When Stefan Zweig first arrived in Rio de Janeiro in 1936, he was overwhelmed not only by the city’s magnificent landscape but also by its ordered architecture and city planning. This encounter he would later describe as being ‘one of the most powerful impressions of my whole life’. In his Brazil: Land of the Future, a book that was an exercise in wish-fulfilment masquerading as travelogue, Zweig believed the country to be the embodiment of ‘future civilisation and peace in our world’.
Over 70 years later Brazil held the world’s worst record for homicidal violence: for every ten people killed, one was a Brazilian. Rio, the cidade maravilhosa (marvellous city), may have retained its beauty in spite of being hemmed in by favelas, but it was now damned.

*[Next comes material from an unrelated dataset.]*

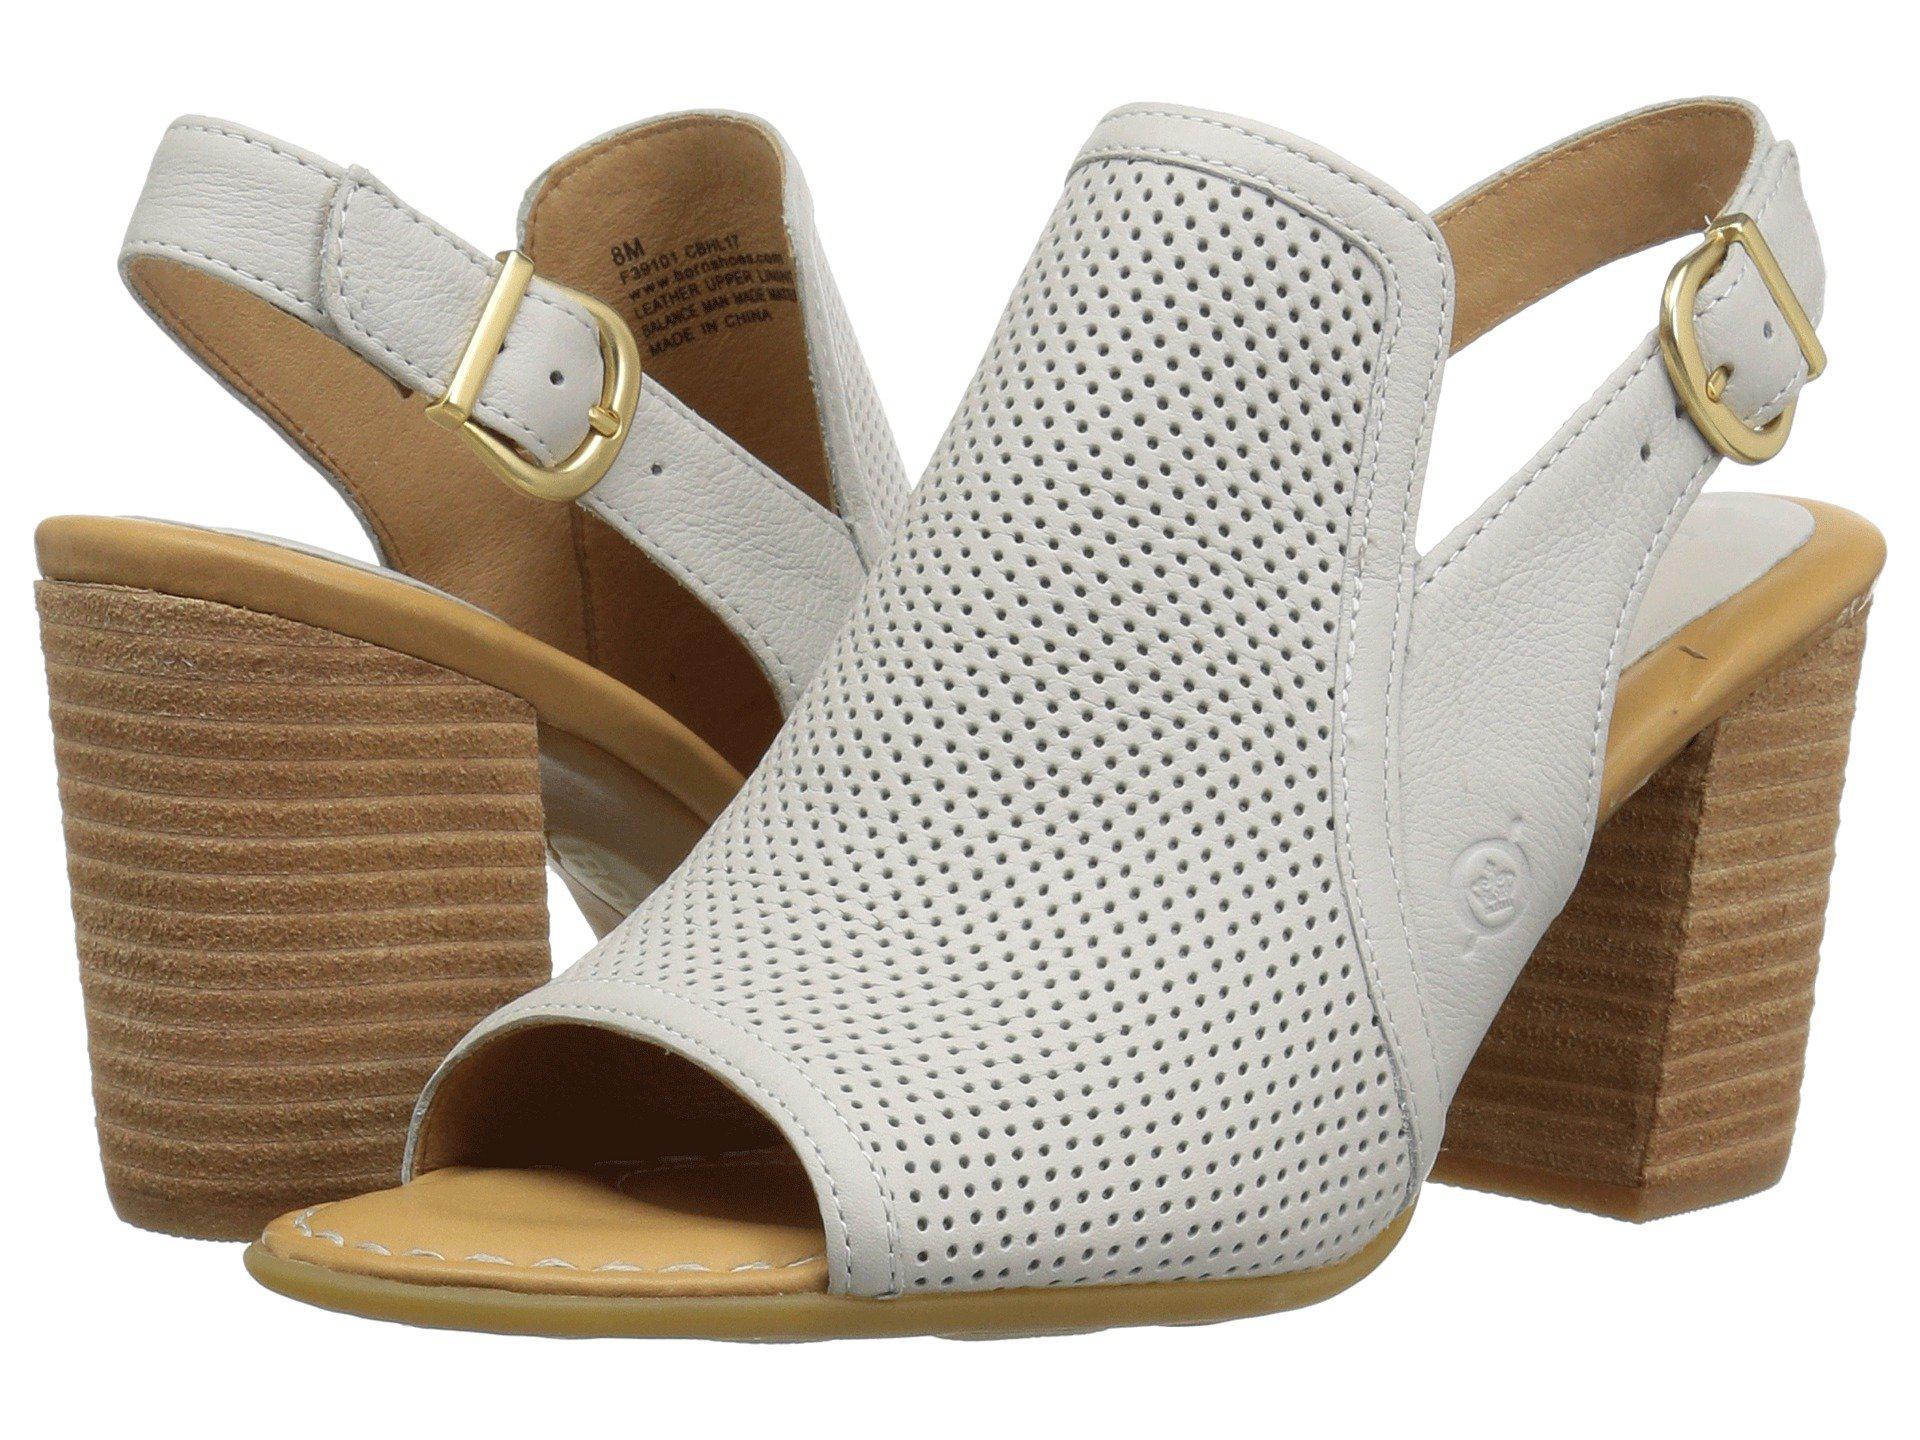 Sutra Perf Slingback Peep-Toe Block Heel Sandals yaOOx9O

In Nemesis, Misha Glenny, an award-wining investigative journalist and expert on organised crime, has turned his attention to the drugs, violence and poverty that thrive in Rocinha, Rio’s most infamous favela. Rocinha, a ‘maze of veins and capillaries that feed the complex body of this dense settlement’, is no ordinary ghetto; it has mushroomed next to the city’s smartest districts, attracting tourists looking for an authentic ‘third-world’ experience. Rather than attempt a comprehensive study of this labyrinthine world, Glenny has wisely chosen the charismatic drugs lord Antônio Francisco Bonfim Lopes, known by his sobriquet ‘Nem of Rocinha’, through whom to tell this terrible yet fascinating history.
The rise and fall of Nem of Rocinha is a case of life imitating art. Antônio, an intelligent and upstanding manager on a modest salary, finds that he doesn’t have the means to pay for his daughter’s medical treatment (she suffers from an uncommon disease, Langerhans cell histiocytosis) and borrows the 20,000 reals from Rocinha’s resident Don, Lulu.